Nobody notices him, though there are probably a hundred or more people in the room, listening to the chamber orchestra, drinking wine, and milling about in front of an enormous poster of his face (John says he looks like Chairman Mao.)

At this point the publisher swans up to him, calls for attention from the audience, and goes “This is [John Cusack]. And he’s brilliant.” The speech being apparently over, she grabs the manuscript out of his hands and everyone, apropos of nothing, goes back to milling. Whereupon the publisher introduces him — introduces him! — to his publicist. Um, he’s never met his publicist before? But he’s all chummy with the publisher? Is she also his editor? Is he with a small press?

In passing, the slim, slim, maybe 175 page trade paperbacks (ostensibly of Dracobahn) placed all over the room do in fact, indicate a tiny, tiny press, since the cover and the sizing had the distinct POD look to them. It was some sort of neon orange and yellow planetary (like a closeup of a pastel artist’s rendition of Jupiter) color wash with white text. Very odd looking. Not at all what one would expect of a major bestseller.

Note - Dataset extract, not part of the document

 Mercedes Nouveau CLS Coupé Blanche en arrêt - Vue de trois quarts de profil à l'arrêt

Anyway, what comes after is a bit of a spoiler, but it’s also really odd, though perhaps not anything to compare to the non-event black tie gala, ritualistic draft-handing, short bound-manuscript-having, publicist-introducing, ugly book-pushing, bizarre truncated speech-giving shenanigans that went before.

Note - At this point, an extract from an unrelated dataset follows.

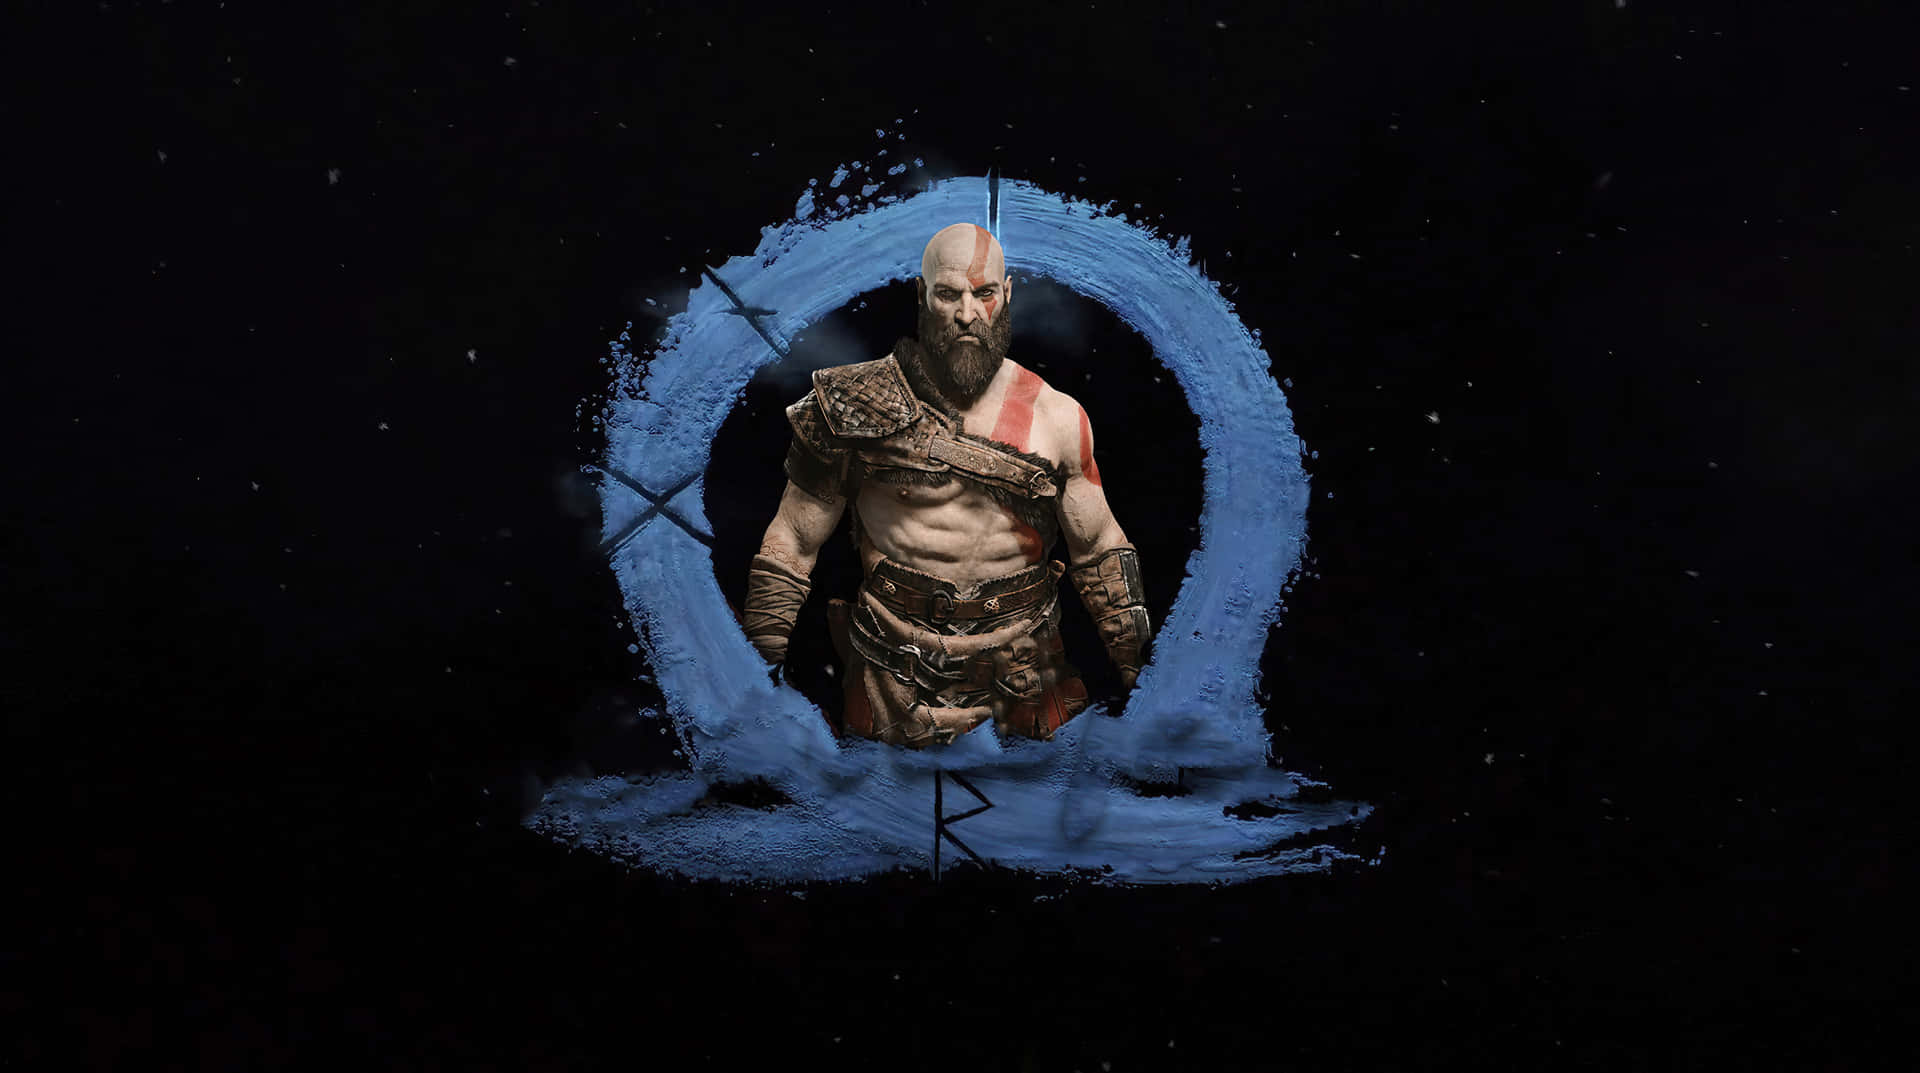 Kratos and Atreus brave the dangers of Midgard in God of War 5 Wallpaper

Had to get that off my chest. Just so you know — the book business isn’t like that. Manuscripts never look like that, and I wish Hollywood would stop making it out like it was. The most realistic interpretation I’ve seen of writing in a major motion picture was Romancing the Stone. She lived in a normal-sized apartment, with a normal life, and would meet her editor out at a bar for normal drinks because they both lived in Manhattan. (The bit at the end where she stood in her editor’s office while she read the book was a little odd, but the rest of it seemed very on target to me!)

I can’t speak for the treasure hunting portion, though.